Тема памяти раскрывается и на уровне хронотопа: номенклатурная квартира Кленского будто магнит притягивает воспоминания, заключенные в вещи (которые он потом будет выкидывать из кармана), предметы и людей. Эти вещи существуют сами по себе, лишь иногда их замечает камера, фиксируя взгляд рассказчика. Но наполненность квартиры символическая – когда жену стесняют, ей говорят о том, что никакой семьи, кроме сына, у нее нет, а все остальное – лишь подобие вещей. За пределами квартиры царит ужасающая пустота и оглушительно звучит хруст снега, внушающего страх от приближающихся шагов, ведь на улицах люди исчезают бесследно.
В картине почти нет реалистичных, «живых» звуков. Все они, как и хруст снега, реализуют коммуникацию вместо слов и диалогов. Звук на стыке планов помогает смягчить или, наоборот, подчеркнуть сам переход – когда герой, находясь в глубине кадра, срывает подметку со своего сапога, создается ощущение его близости и нахождения камеры в крупном плане, что стирает пространственно-временные границы внутри сцены. Фильм снят преимущественно ручной камерой, будто одним кадром, а отсутствие склеек создает ощущение присутствия и переживания происходящего в моменте – зритель следует за героем, смотрит туда, куда и он. Стоит также отметить субъективные планы, когда взгляд не принадлежит кому-то конкретному или внедряется в толпу персонажей, в чем выражается социальная память. Также важны для Германа и необычные, нетривиальные воспоминания, зафиксированные в памяти, как самораскрывшийся зонт на снегу, – они подчеркивают хаос мелочей, не имеющих между собой никаких логических связей.
В своей последней картине «Трудно быть богом» Герман выступает как политический режиссер, выражая позицию «против» по отношению к советской власти и созданной ей политической памяти. Фильм не до конца вписывается в рамки выбранной темы отражения памяти, так как не основывается на исторических событиях и выступает как авторское произведение, созданное на основе одноименной повести братьев Стругацких. Сама история человека, попавшего в Средневековье из будущего, является воплощением концепции машины времени, но важно заметить, что герой Румата не может изменить к лучшему ни мир вокруг, ни самих людей, – в этом заключается трагедия беспомощности человека перед лицом глобальной истории. Для понимания идеи, заложенной Германом, важно помнить о контексте времени: успех Горбачева, доказавшего миру, что все возможно, сменяется кризисом власти в конце 1990-х – начале 2000-х. Ощущение непонимания современниками происходящего на момент создания картины влияет на цели героев: если у Стругацких ученых ищут, чтобы спасти планету, то у Германа, чтобы понять, как жить.
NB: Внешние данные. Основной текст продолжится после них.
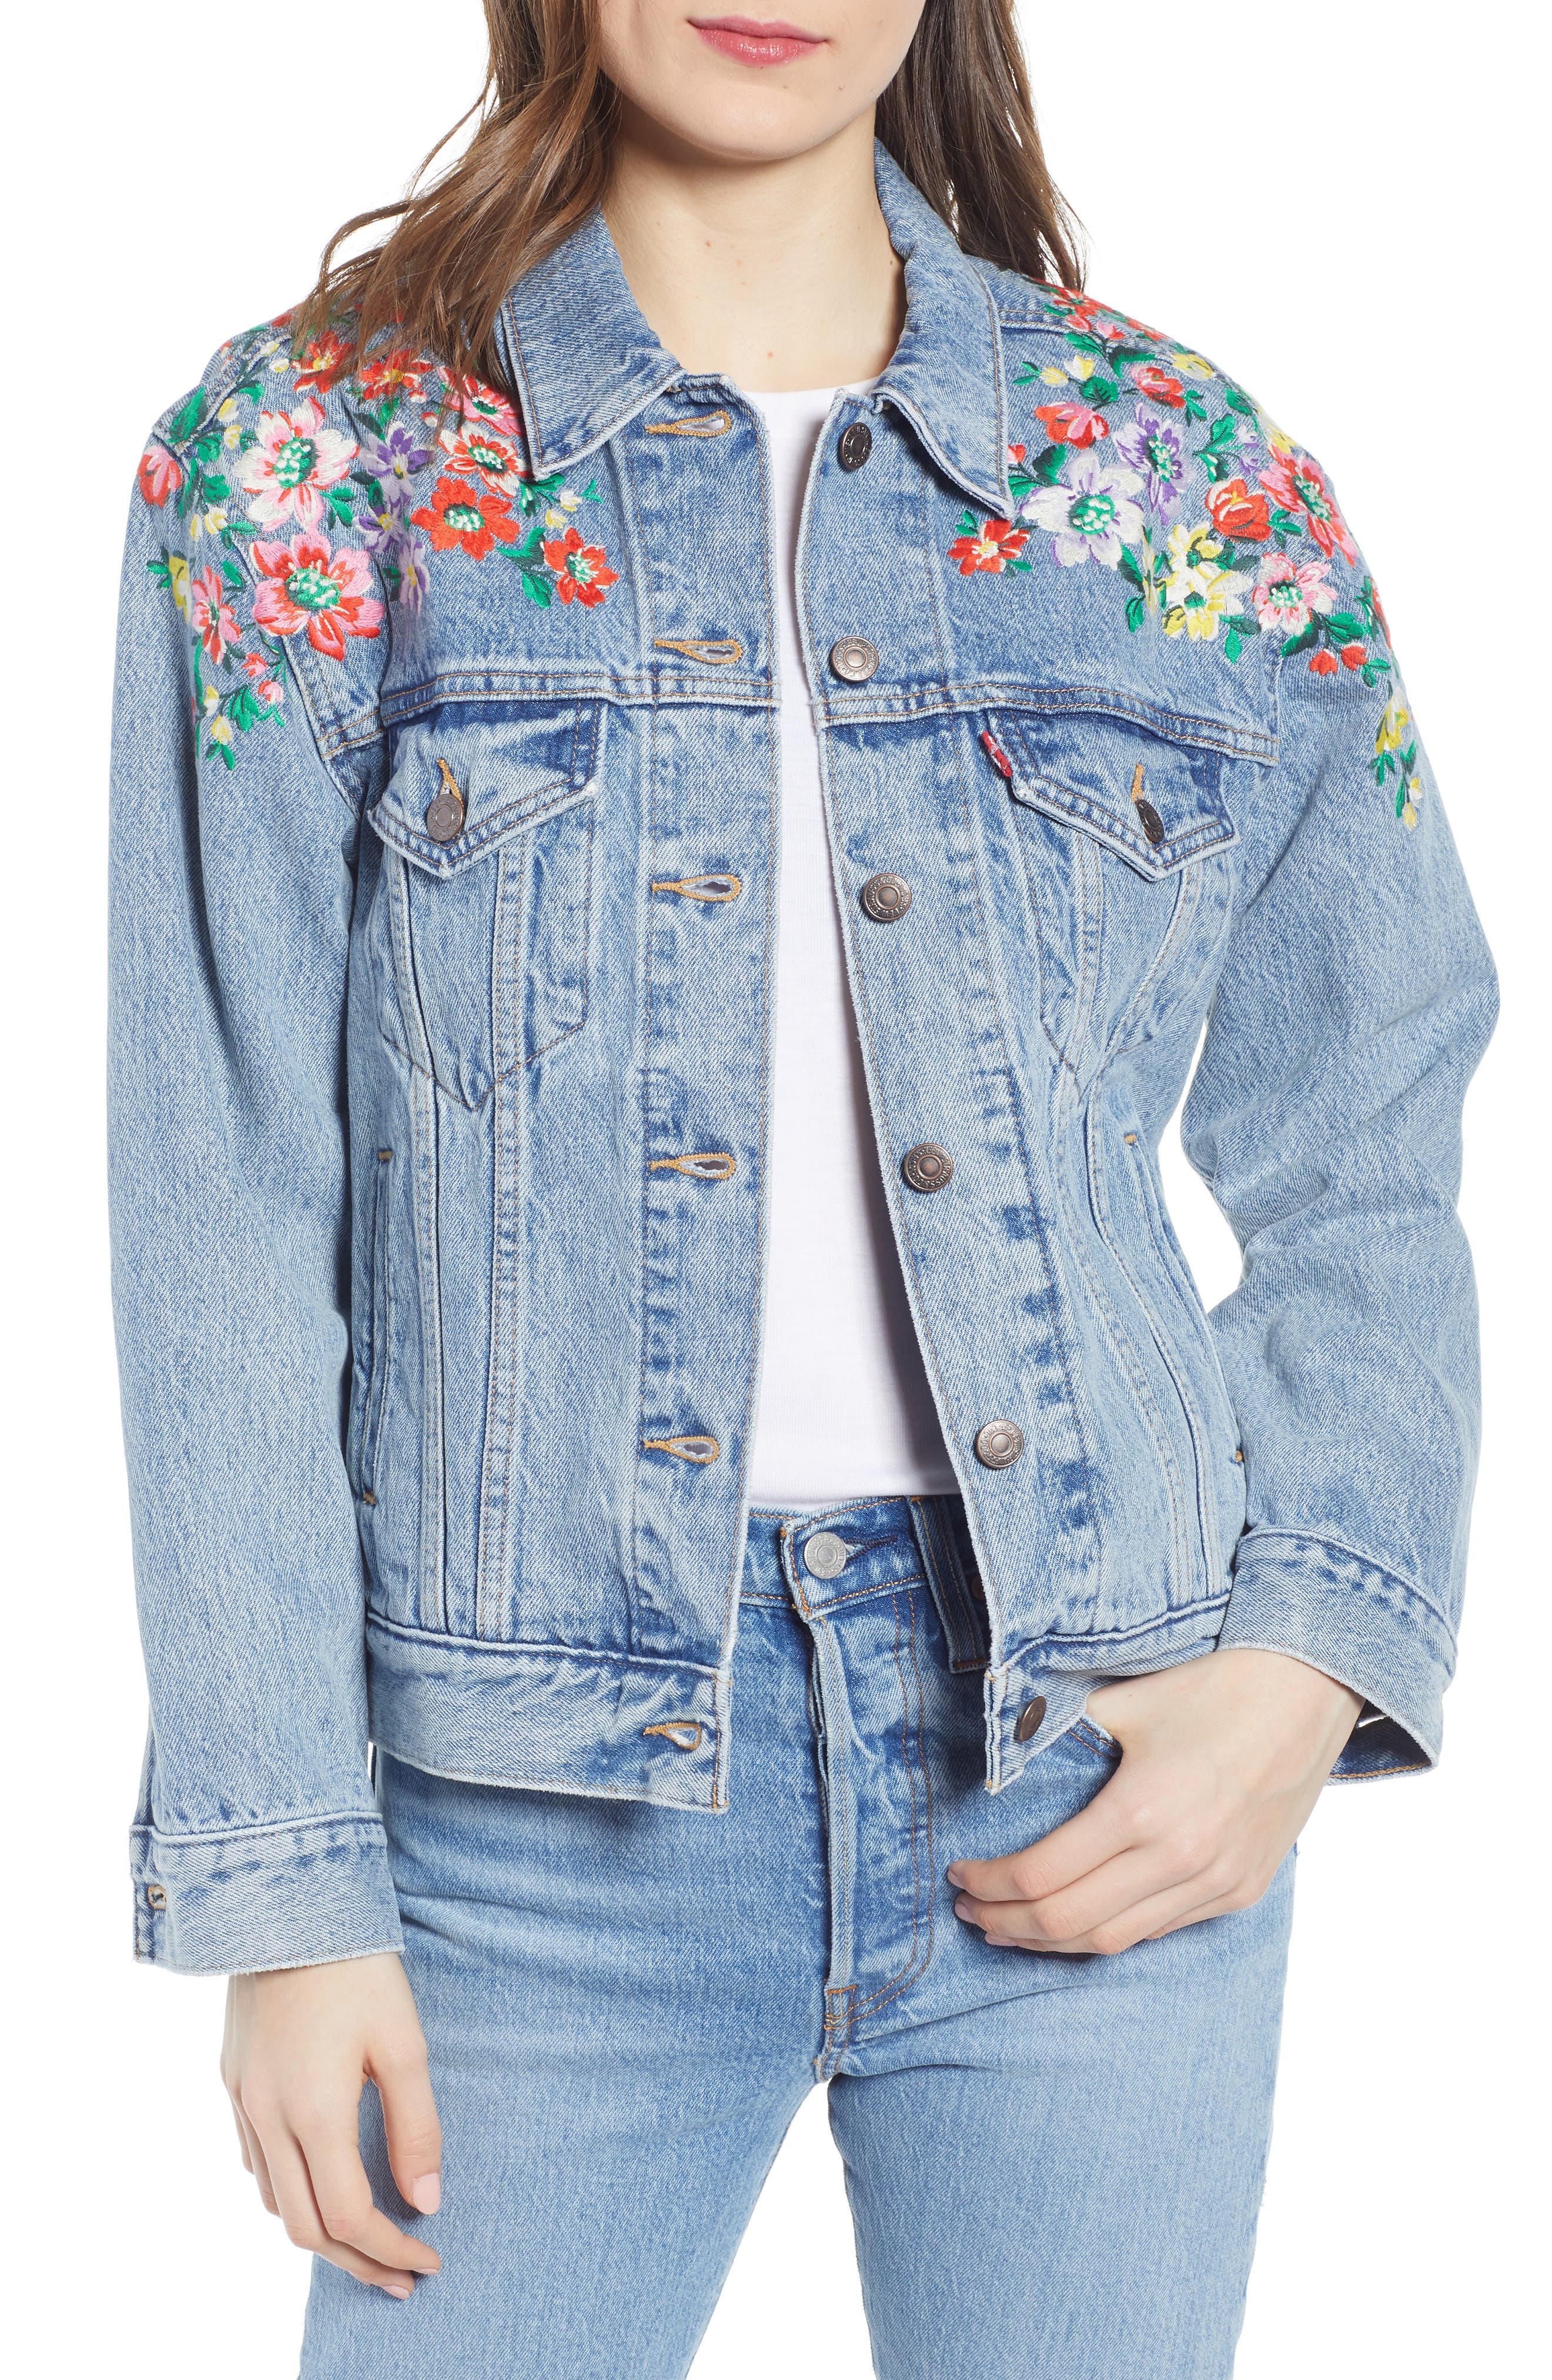 levis denim jacket with embroidery

Фильм открывается кадрами снегопада и заканчивается эпизодом в снежном поле – это не только кольцевая композиция, но и мост к заснеженным улицам в «Хрусталеве…» (как и миазмы, в которых тонет Арканар, будто наследие предыдущей картины). Белый как цвет отстранения, будто подчеркивает, что эта история – об отказе людей от способности чувствовать мир вокруг. Зритель понимает этот отказ, благодаря приему, который не нов для языка Германа, – он вынужден снова протаптывать путь через толпы людей, предметы быта и оружие, теряясь в плотности и тесноте среды, пачкаясь в ожидающей повсюду грязи.
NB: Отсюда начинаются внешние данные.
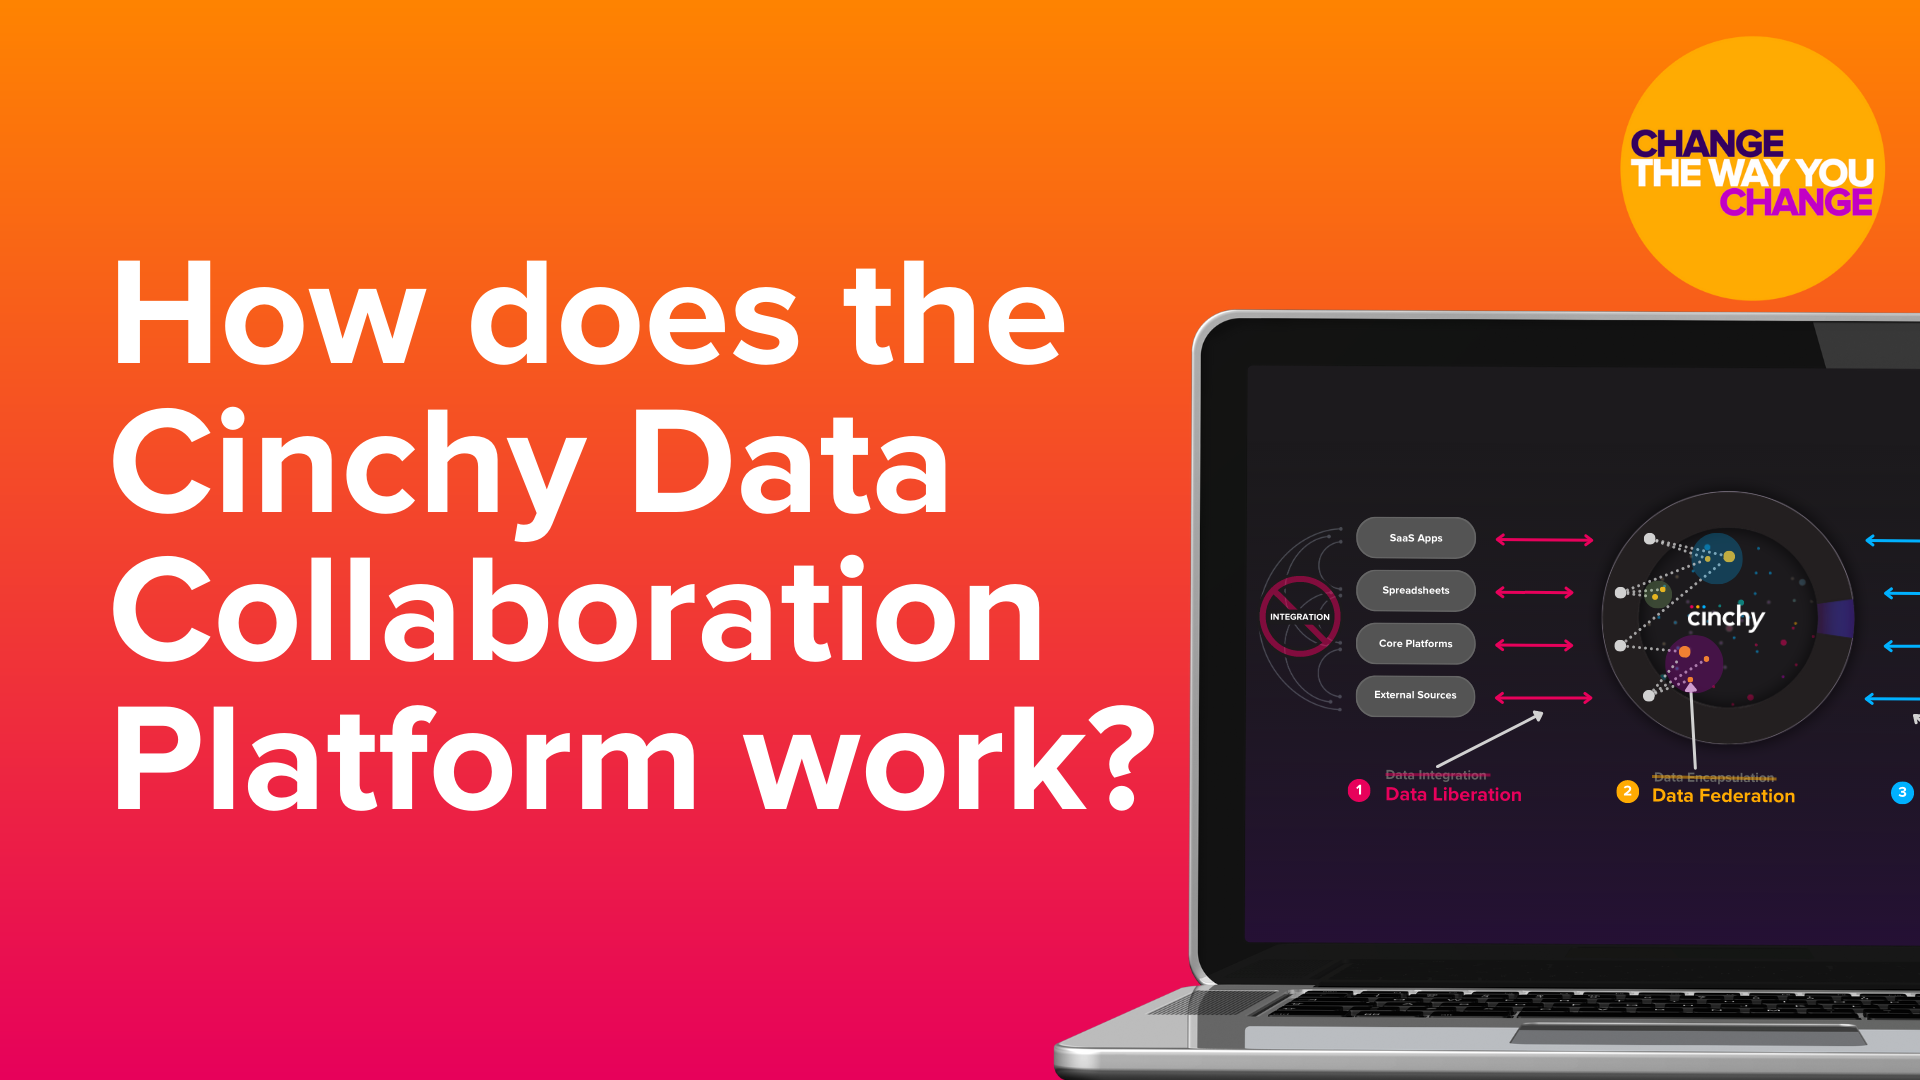 How Does The Cinchy Data Collaboration Platform Work?

В Арканаре жители теряют сразу три органа чувств: слух, зрение и обоняние. Горожане не слышат ни музыки, ни криков, раздающихся из Веселой башни, а врагам и вовсе отрезают уши. Дожди создают препятствие для видения, а глаза висельников, политые рыбьим раствором, выклевывают чайки. Люди постоянно принюхиваются, но не чувствуют запахи – даже камера окунается в белые розы, но и их аромат неосязаем. Жители лишают себя воспоминаний, которые только могли бы получить, и забирают их у тех, кто мог бы унести память с собой в мир иной. Сам Румата тоже постепенно слепнет, сначала надевая на себя боевой шлем, а в финале появляясь в толстых очках, искажающих реальность до такой степени, что существование в ней становится терпимым.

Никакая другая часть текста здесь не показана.